[Stored items from a collection]
▬▬▬

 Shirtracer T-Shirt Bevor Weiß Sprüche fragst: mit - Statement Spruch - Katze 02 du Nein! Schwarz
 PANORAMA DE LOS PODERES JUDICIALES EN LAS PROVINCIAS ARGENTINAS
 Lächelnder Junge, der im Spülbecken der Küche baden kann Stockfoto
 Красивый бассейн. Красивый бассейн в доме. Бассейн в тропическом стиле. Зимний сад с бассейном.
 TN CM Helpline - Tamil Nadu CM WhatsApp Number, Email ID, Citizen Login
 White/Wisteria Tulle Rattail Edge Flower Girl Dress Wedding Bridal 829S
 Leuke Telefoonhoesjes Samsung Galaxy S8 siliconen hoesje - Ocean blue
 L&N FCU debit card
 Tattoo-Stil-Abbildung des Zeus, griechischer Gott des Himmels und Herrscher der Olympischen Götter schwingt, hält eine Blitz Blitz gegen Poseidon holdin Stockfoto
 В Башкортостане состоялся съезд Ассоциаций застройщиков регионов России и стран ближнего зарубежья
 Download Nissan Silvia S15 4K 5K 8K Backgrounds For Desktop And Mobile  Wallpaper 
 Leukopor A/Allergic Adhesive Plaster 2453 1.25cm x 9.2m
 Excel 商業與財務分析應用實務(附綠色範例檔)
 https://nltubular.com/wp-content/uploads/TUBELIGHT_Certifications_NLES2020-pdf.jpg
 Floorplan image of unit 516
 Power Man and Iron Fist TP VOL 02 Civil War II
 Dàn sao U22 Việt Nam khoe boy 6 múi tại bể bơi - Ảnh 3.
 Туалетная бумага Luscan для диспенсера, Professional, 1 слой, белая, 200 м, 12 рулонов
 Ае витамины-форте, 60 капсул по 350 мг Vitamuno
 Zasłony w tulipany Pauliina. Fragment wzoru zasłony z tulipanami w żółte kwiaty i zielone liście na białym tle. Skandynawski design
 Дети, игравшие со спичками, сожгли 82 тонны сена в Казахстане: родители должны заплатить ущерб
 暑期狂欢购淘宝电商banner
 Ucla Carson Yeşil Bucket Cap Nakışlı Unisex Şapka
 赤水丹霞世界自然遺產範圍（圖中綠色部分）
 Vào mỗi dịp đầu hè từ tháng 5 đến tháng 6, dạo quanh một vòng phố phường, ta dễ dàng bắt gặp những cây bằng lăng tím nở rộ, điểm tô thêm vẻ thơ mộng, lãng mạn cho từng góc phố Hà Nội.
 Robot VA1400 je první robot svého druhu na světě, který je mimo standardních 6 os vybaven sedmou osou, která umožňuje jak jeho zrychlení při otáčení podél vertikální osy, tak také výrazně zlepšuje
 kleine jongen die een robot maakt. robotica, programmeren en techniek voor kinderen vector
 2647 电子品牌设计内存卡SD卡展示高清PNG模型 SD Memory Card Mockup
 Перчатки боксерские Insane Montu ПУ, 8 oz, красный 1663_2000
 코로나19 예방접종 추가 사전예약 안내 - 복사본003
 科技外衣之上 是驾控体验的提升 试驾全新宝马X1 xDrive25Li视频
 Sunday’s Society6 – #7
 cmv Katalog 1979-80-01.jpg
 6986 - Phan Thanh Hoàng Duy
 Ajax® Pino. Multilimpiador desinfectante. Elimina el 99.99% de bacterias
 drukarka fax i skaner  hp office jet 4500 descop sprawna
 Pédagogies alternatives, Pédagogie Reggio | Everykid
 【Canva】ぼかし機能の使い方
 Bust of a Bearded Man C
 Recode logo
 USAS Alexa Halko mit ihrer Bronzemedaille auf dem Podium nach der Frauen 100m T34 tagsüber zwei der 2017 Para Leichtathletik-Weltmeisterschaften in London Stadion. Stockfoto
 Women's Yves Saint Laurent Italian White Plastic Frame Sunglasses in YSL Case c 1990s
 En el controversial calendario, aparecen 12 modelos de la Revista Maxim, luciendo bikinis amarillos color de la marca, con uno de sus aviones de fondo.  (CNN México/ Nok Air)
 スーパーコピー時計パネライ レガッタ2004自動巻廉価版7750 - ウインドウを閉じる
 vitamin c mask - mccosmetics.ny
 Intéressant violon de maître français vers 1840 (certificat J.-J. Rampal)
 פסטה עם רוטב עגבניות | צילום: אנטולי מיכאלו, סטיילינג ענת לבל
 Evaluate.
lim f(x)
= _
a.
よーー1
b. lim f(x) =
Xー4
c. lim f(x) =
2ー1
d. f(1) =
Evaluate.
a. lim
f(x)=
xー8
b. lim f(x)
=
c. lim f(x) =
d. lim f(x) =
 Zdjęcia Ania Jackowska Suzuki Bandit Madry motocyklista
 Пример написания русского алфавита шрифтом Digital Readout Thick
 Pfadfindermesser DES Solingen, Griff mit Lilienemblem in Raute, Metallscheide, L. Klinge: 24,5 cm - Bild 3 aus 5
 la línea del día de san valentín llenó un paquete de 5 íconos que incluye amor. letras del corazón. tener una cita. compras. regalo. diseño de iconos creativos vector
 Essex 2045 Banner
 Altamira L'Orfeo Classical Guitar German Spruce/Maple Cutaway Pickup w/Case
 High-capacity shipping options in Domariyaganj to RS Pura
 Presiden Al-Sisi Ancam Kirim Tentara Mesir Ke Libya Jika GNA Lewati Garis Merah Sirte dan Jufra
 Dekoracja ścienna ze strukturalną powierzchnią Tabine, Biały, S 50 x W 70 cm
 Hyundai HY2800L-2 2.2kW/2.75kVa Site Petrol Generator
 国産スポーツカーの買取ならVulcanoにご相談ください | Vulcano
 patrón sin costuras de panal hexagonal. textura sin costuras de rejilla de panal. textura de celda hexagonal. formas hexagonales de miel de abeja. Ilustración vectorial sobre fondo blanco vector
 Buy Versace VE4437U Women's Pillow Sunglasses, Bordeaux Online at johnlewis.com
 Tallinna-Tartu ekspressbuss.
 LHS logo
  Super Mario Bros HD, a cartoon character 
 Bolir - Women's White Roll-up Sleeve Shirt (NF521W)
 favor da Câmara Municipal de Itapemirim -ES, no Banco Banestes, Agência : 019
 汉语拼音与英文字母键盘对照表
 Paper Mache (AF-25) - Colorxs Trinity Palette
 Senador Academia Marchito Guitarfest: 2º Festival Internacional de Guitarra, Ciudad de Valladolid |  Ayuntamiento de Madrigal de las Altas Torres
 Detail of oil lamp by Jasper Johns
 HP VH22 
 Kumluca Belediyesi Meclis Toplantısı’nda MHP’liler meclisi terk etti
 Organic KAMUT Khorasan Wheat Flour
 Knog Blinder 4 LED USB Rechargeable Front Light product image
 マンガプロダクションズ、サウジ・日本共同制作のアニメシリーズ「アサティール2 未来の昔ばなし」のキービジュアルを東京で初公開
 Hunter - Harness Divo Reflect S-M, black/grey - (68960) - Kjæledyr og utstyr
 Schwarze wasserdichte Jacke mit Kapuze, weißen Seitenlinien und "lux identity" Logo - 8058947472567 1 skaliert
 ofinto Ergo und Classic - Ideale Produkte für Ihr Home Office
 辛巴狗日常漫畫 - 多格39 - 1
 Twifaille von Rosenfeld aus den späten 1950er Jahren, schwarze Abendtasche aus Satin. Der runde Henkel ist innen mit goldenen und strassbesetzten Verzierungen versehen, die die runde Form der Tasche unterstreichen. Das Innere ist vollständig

▬▬▬

Your task is to transcribe each record faithfully and in full.

 Shirtracer T-Shirt Bevor Weiß Sprüche fragst: mit - Statement Spruch - Katze 02 du Nein! Schwarz
 PANORAMA DE LOS PODERES JUDICIALES EN LAS PROVINCIAS ARGENTINAS
 Lächelnder Junge, der im Spülbecken der Küche baden kann Stockfoto
 Красивый бассейн. Красивый бассейн в доме. Бассейн в тропическом стиле. Зимний сад с бассейном.
 TN CM Helpline - Tamil Nadu CM WhatsApp Number, Email ID, Citizen Login
 White/Wisteria Tulle Rattail Edge Flower Girl Dress Wedding Bridal 829S
 Leuke Telefoonhoesjes Samsung Galaxy S8 siliconen hoesje - Ocean blue
 L&N FCU debit card
 Tattoo-Stil-Abbildung des Zeus, griechischer Gott des Himmels und Herrscher der Olympischen Götter schwingt, hält eine Blitz Blitz gegen Poseidon holdin Stockfoto
 В Башкортостане состоялся съезд Ассоциаций застройщиков регионов России и стран ближнего зарубежья
 Download Nissan Silvia S15 4K 5K 8K Backgrounds For Desktop And Mobile  Wallpaper 
 Leukopor A/Allergic Adhesive Plaster 2453 1.25cm x 9.2m
 Excel 商業與財務分析應用實務(附綠色範例檔)
 https://nltubular.com/wp-content/uploads/TUBELIGHT_Certifications_NLES2020-pdf.jpg
 Floorplan image of unit 516
 Power Man and Iron Fist TP VOL 02 Civil War II
 Dàn sao U22 Việt Nam khoe boy 6 múi tại bể bơi - Ảnh 3.
 Туалетная бумага Luscan для диспенсера, Professional, 1 слой, белая, 200 м, 12 рулонов
 Ае витамины-форте, 60 капсул по 350 мг Vitamuno
 Zasłony w tulipany Pauliina. Fragment wzoru zasłony z tulipanami w żółte kwiaty i zielone liście na białym tle. Skandynawski design
 Дети, игравшие со спичками, сожгли 82 тонны сена в Казахстане: родители должны заплатить ущерб
 暑期狂欢购淘宝电商banner
 Ucla Carson Yeşil Bucket Cap Nakışlı Unisex Şapka
 赤水丹霞世界自然遺產範圍（圖中綠色部分）
 Vào mỗi dịp đầu hè từ tháng 5 đến tháng 6, dạo quanh một vòng phố phường, ta dễ dàng bắt gặp những cây bằng lăng tím nở rộ, điểm tô thêm vẻ thơ mộng, lãng mạn cho từng góc phố Hà Nội.
 Robot VA1400 je první robot svého druhu na světě, který je mimo standardních 6 os vybaven sedmou osou, která umožňuje jak jeho zrychlení při otáčení podél vertikální osy, tak také výrazně zlepšuje
 kleine jongen die een robot maakt. robotica, programmeren en techniek voor kinderen vector
 2647 电子品牌设计内存卡SD卡展示高清PNG模型 SD Memory Card Mockup
 Перчатки боксерские Insane Montu ПУ, 8 oz, красный 1663_2000
 코로나19 예방접종 추가 사전예약 안내 - 복사본003
 科技外衣之上 是驾控体验的提升 试驾全新宝马X1 xDrive25Li视频
 Sunday’s Society6 – #7
 cmv Katalog 1979-80-01.jpg
 6986 - Phan Thanh Hoàng Duy
 Ajax® Pino. Multilimpiador desinfectante. Elimina el 99.99% de bacterias
 drukarka fax i skaner  hp office jet 4500 descop sprawna
 Pédagogies alternatives, Pédagogie Reggio | Everykid
 【Canva】ぼかし機能の使い方
 Bust of a Bearded Man C
 Recode logo
 USAS Alexa Halko mit ihrer Bronzemedaille auf dem Podium nach der Frauen 100m T34 tagsüber zwei der 2017 Para Leichtathletik-Weltmeisterschaften in London Stadion. Stockfoto
 Women's Yves Saint Laurent Italian White Plastic Frame Sunglasses in YSL Case c 1990s
 En el controversial calendario, aparecen 12 modelos de la Revista Maxim, luciendo bikinis amarillos color de la marca, con uno de sus aviones de fondo.  (CNN México/ Nok Air)
 スーパーコピー時計パネライ レガッタ2004自動巻廉価版7750 - ウインドウを閉じる
 vitamin c mask - mccosmetics.ny
 Intéressant violon de maître français vers 1840 (certificat J.-J. Rampal)
 פסטה עם רוטב עגבניות | צילום: אנטולי מיכאלו, סטיילינג ענת לבל
 Evaluate.
lim f(x)
= _
a.
よーー1
b. lim f(x) =
Xー4
c. lim f(x) =
2ー1
d. f(1) =
Evaluate.
a. lim
f(x)=
xー8
b. lim f(x)
=
c. lim f(x) =
d. lim f(x) =
 Zdjęcia Ania Jackowska Suzuki Bandit Madry motocyklista
 Пример написания русского алфавита шрифтом Digital Readout Thick
 Pfadfindermesser DES Solingen, Griff mit Lilienemblem in Raute, Metallscheide, L. Klinge: 24,5 cm - Bild 3 aus 5
 la línea del día de san valentín llenó un paquete de 5 íconos que incluye amor. letras del corazón. tener una cita. compras. regalo. diseño de iconos creativos vector
 Essex 2045 Banner
 Altamira L'Orfeo Classical Guitar German Spruce/Maple Cutaway Pickup w/Case
 High-capacity shipping options in Domariyaganj to RS Pura
 Presiden Al-Sisi Ancam Kirim Tentara Mesir Ke Libya Jika GNA Lewati Garis Merah Sirte dan Jufra
 Dekoracja ścienna ze strukturalną powierzchnią Tabine, Biały, S 50 x W 70 cm
 Hyundai HY2800L-2 2.2kW/2.75kVa Site Petrol Generator
 国産スポーツカーの買取ならVulcanoにご相談ください | Vulcano
 patrón sin costuras de panal hexagonal. textura sin costuras de rejilla de panal. textura de celda hexagonal. formas hexagonales de miel de abeja. Ilustración vectorial sobre fondo blanco vector
 Buy Versace VE4437U Women's Pillow Sunglasses, Bordeaux Online at johnlewis.com
 Tallinna-Tartu ekspressbuss.
 LHS logo
  Super Mario Bros HD, a cartoon character 
 Bolir - Women's White Roll-up Sleeve Shirt (NF521W)
 favor da Câmara Municipal de Itapemirim -ES, no Banco Banestes, Agência : 019
 汉语拼音与英文字母键盘对照表
 Paper Mache (AF-25) - Colorxs Trinity Palette
 Senador Academia Marchito Guitarfest: 2º Festival Internacional de Guitarra, Ciudad de Valladolid |  Ayuntamiento de Madrigal de las Altas Torres
 Detail of oil lamp by Jasper Johns
 HP VH22 
 Kumluca Belediyesi Meclis Toplantısı’nda MHP’liler meclisi terk etti
 Organic KAMUT Khorasan Wheat Flour
 Knog Blinder 4 LED USB Rechargeable Front Light product image
 マンガプロダクションズ、サウジ・日本共同制作のアニメシリーズ「アサティール2 未来の昔ばなし」のキービジュアルを東京で初公開
 Hunter - Harness Divo Reflect S-M, black/grey - (68960) - Kjæledyr og utstyr
 Schwarze wasserdichte Jacke mit Kapuze, weißen Seitenlinien und "lux identity" Logo - 8058947472567 1 skaliert
 ofinto Ergo und Classic - Ideale Produkte für Ihr Home Office
 辛巴狗日常漫畫 - 多格39 - 1
 Twifaille von Rosenfeld aus den späten 1950er Jahren, schwarze Abendtasche aus Satin. Der runde Henkel ist innen mit goldenen und strassbesetzten Verzierungen versehen, die die runde Form der Tasche unterstreichen. Das Innere ist vollständig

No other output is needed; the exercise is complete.